From: Linus Torvalds
Date: Mon Jul 25 2022 - 13:55:41 EST


On Mon, Jul 25, 2022 at 9:11 AM Guenter Roeck <linux@xxxxxxxxxxxx> wrote:
>
> BUG: KFENCE: out-of-bounds read in _find_next_bit_le+0x10/0x48

Ok, I was hoping somebody more ARMy would look at this, particularly
since there is no call trace beyond the actual fault.

So it shows that it happens in _find_next_bit_le(), but not who called it.

It does show "who allocated the page", and I can see the message that
is printed afterwards, so it comes from that

static void __init test_bitmap_printlist(void)

function, so I guess we know the call chain:

test_bitmap_printlist ->
bitmap_print_to_pagebuf ->
scnprintf "%*pbl\n" ->
pointer ->
bitmap_list_string ->
for_each_set_bitrange

and I think I see what's wrong in there.

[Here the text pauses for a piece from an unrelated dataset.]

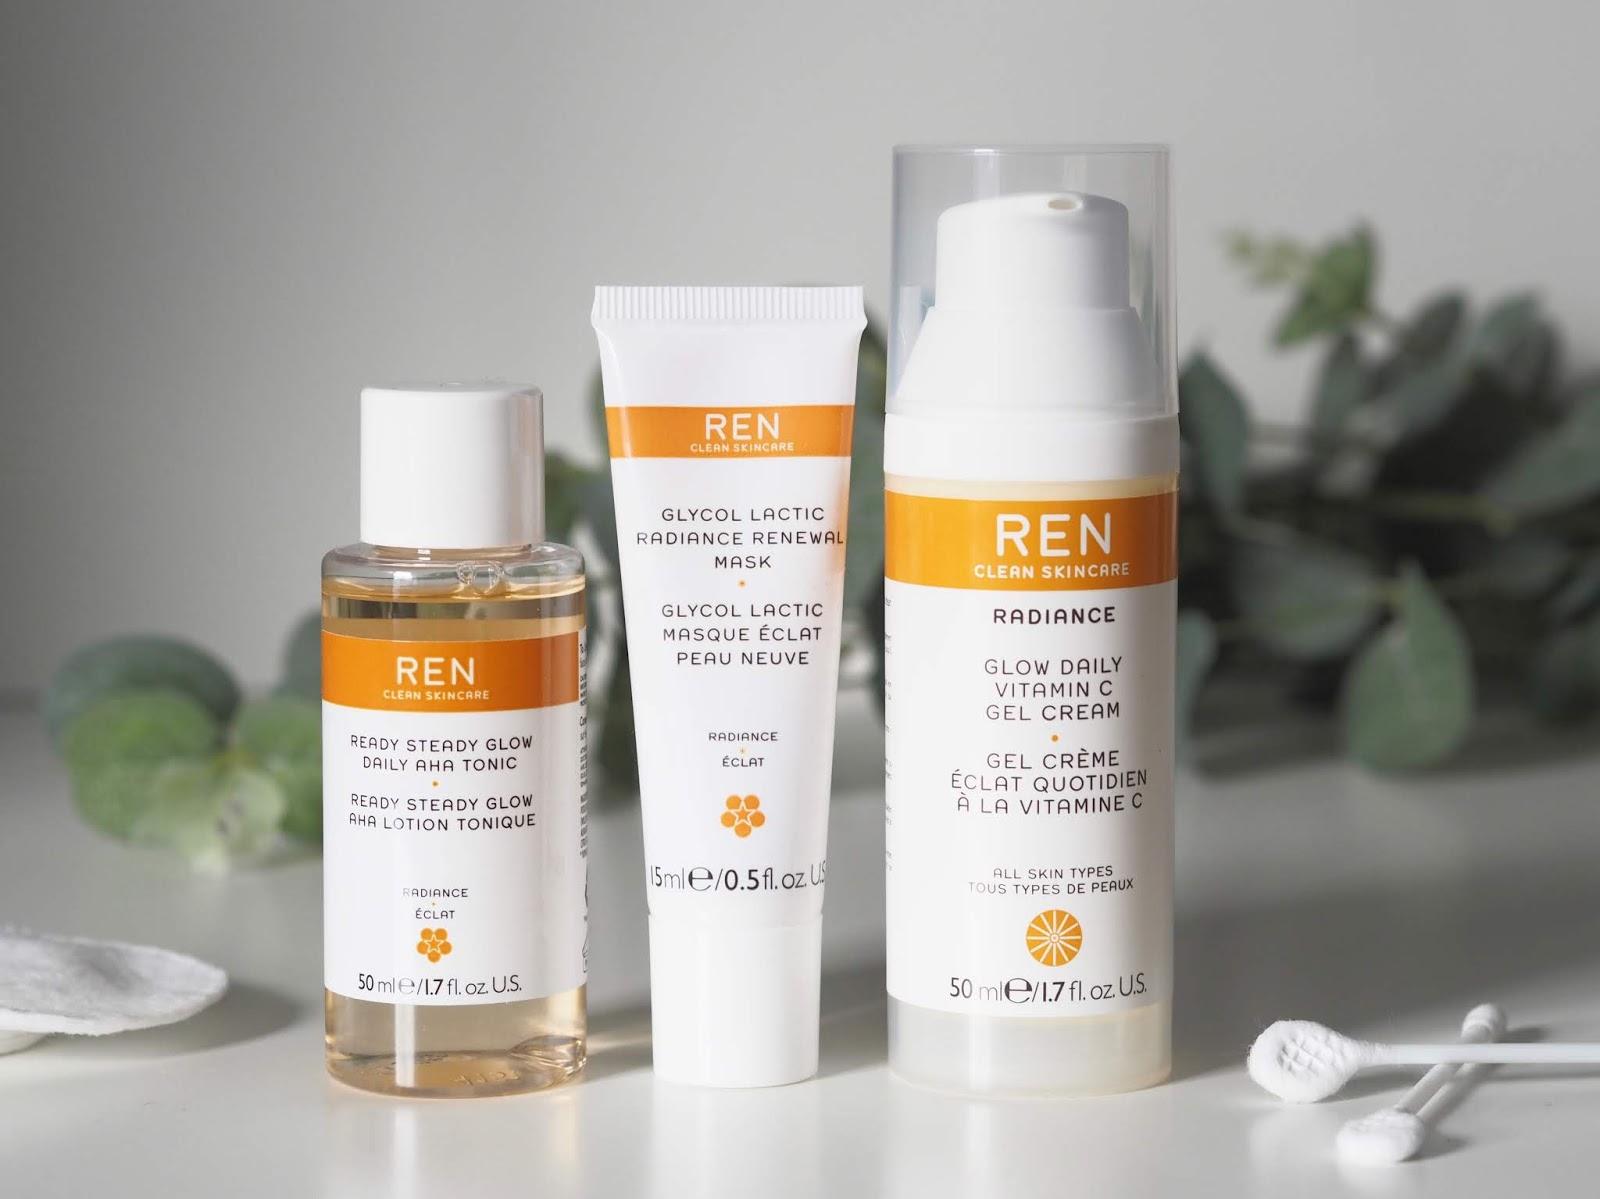 REN radiance skincare trio
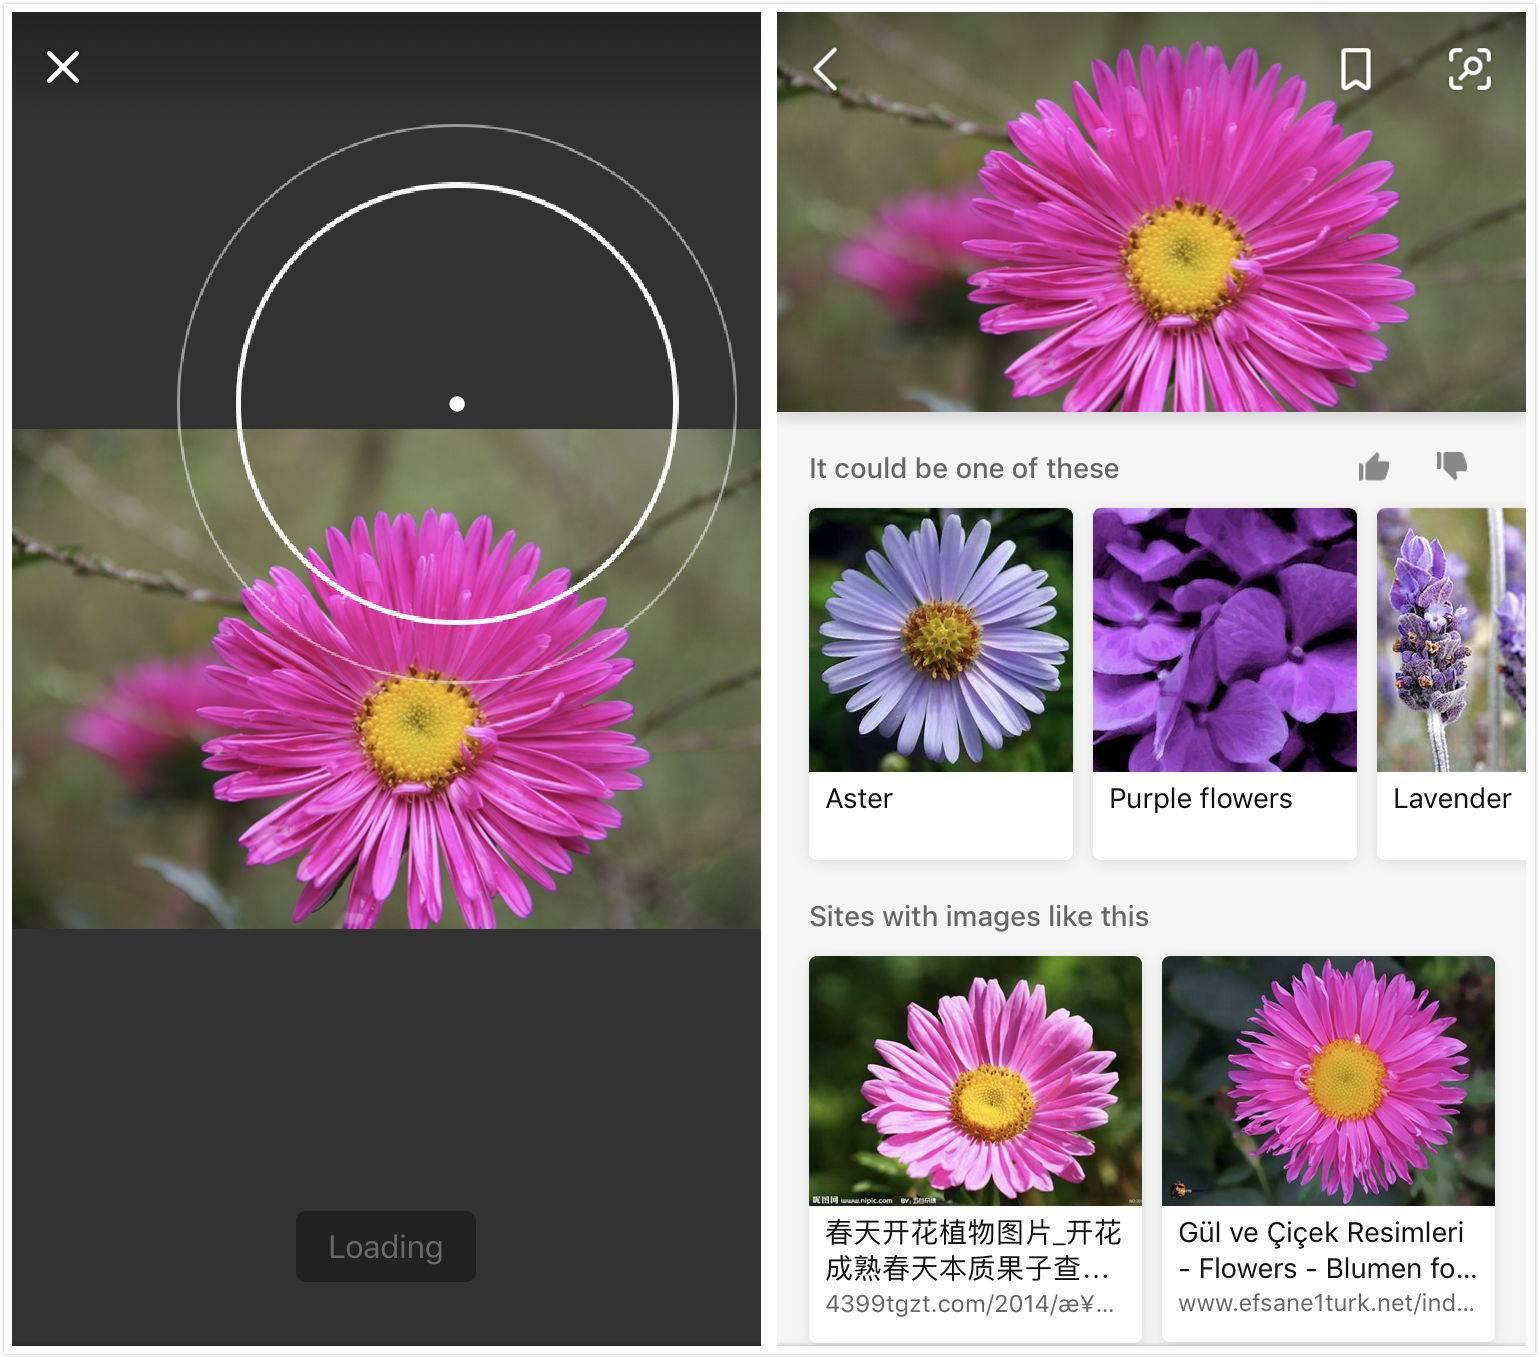 不用羡慕Google Lens,微软在Bing中也加入了AI视觉搜索的功能

That thing does

(b) = find_next_bit((addr), (size), (e) + 1), \
(e) = find_next_zero_bit((addr), (size), (b) + 1))

for the end of the range, and looking at the oops, the instruction
that oopses is

ldrb r3, [r0, r2, lsr #3]

where 'r2' is the bit position, and 'r0' is the start of the bitmap.

And:

> r10: 00000000 r9 : 0000002d r8 : ef59d000
> r7 : c0e55514 r6 : c2215000 r5 : 00008000 r4 : 00008000
> r3 : 845cac12 r2 : 00008001 r1 : 00008000 r0 : ef59d000

Lookie here: r1 contains the size, and r2 is past the end of the size.

So pick your poison: either the bug is in

(a) the bitmap region iterators shouldn't even ask for past-the-end results

I've added Dennis Zhou who did that first
bitmap_for_each_set_region() in commit e837dfde15a4 ("bitmap:
genericize percpu bitmap region iterators"), and Yuri Norov who
renamed and moved it to for_each_set_bitrange() in commit ec288a2cf7ca
("bitmap: unify find_bit operations").

or

(b) the ARM find_next_bit() implementation, which doesn't check
whether the position is past the end

I've added Russell King (ARM stuff) and Catalin Marinas who
touched that last many many years ago in 8b592783a2e8 ("Thumb-2:
Implement the unified arch/arm/lib functions")

I think it's arguably a little bit of both, but mostly (b).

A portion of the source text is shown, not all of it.